Des personnes se réfugient sur le toit d'une école dans la ville de Sendai, le 11 mars 2011.
Des personnes se réfugient sur le toit d'une école dans la ville de Sendai, le 11 mars 2011. - Ville de Sendai

Toujours marquée par ce jour funeste, la ville de Sendai s’est rapidement tournée vers l’avenir, prenant soin d’accueillir de très nombreux habitants vivant dans les communes sinistrées. « Nous avions retenules leçons du drame de Kobe. Plutôt que reloger les gens de manière éparpillée, c’est tout le quartier qui a été déplacé. C’est primordial de garder ce lien », estime Masami. La mentalité japonaise veut que même dans le malheur, il faut savoir avancer.

Le tsunami engloutit Sendai le 11 mars 2011.
Le tsunami engloutit Sendai le 11 mars 2011. - Ville de Sendai

C’est sans doute cet élan qui a permis à Sendai de se remettre debout si rapidement, même si tout n’est pas réglé et que de nombreux chantiers restent en cours. Plusieurs milliers d’enfants sont aujourd’hui encore hébergés dans des logements provisoires. « L’important, c’est d’essayer de positiver, de se servir du passé pour ne pas reproduire les mêmes erreurs. C’est pour ça qu’il est important de se souvenir », assure la présidente du comité de jumelage.

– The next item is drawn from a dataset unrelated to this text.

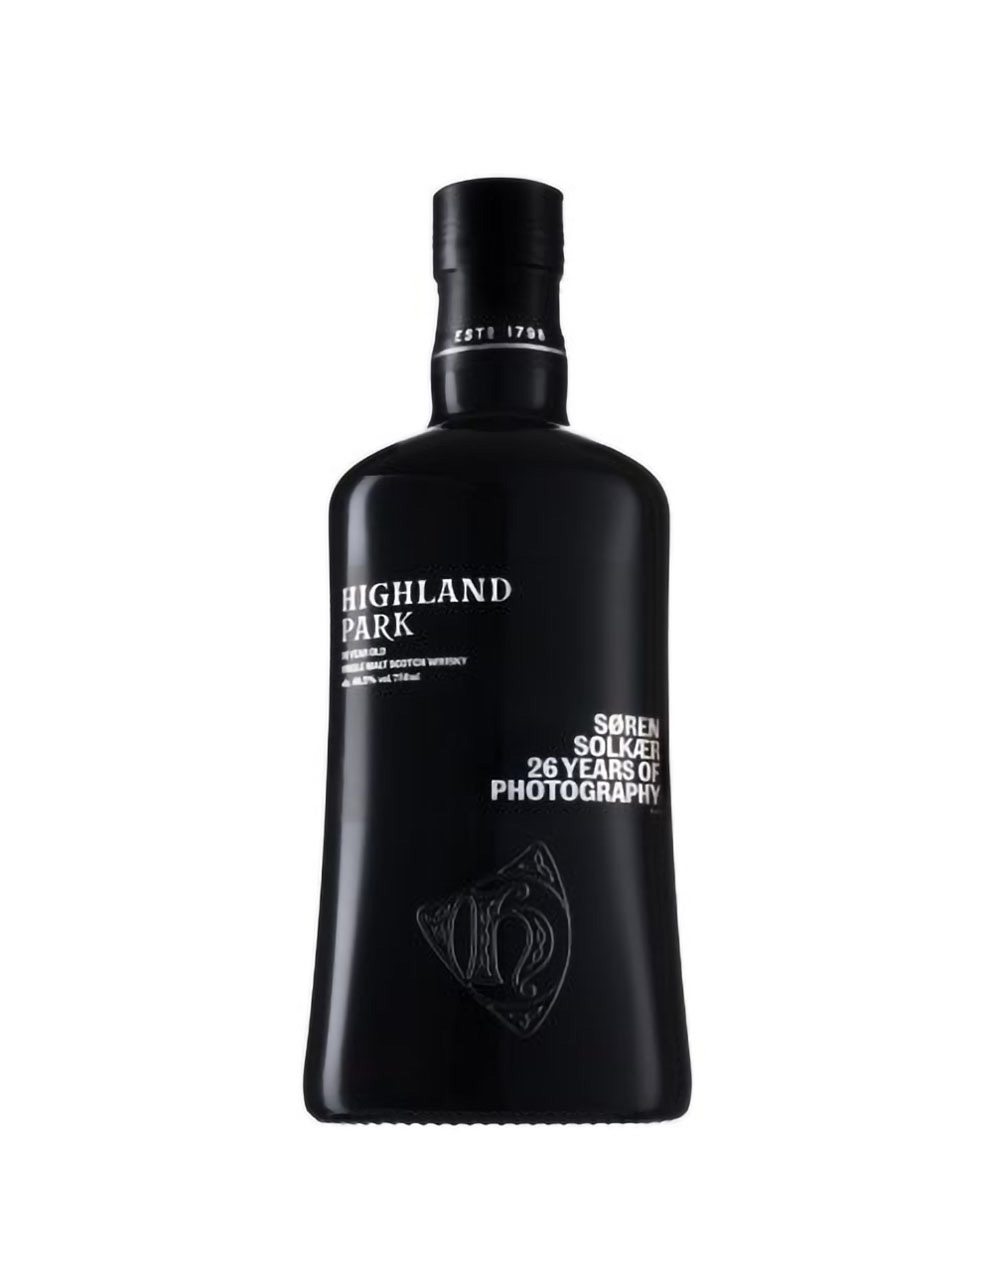 John Walker & Sons Private Collection 2015 Edition Blended Scotch Whisky

Depuis cinq ans, son association reçoit des messages d’amitié et des dons venus de toute la Bretagne. En 2011, près de 300.000 euros avaient ainsi été versés à la ville jumelle pour l’aider à sa reconstruction. La municipalité rennaise avait également voté deux aides d’urgence après le tsunami. « Ces fonds ont participé à la reconstruction des infrastructures, notamment des écoles et des zones résidentielles sinistrées », assure Jocelyne Bougeard, élue en charge des relations internationales.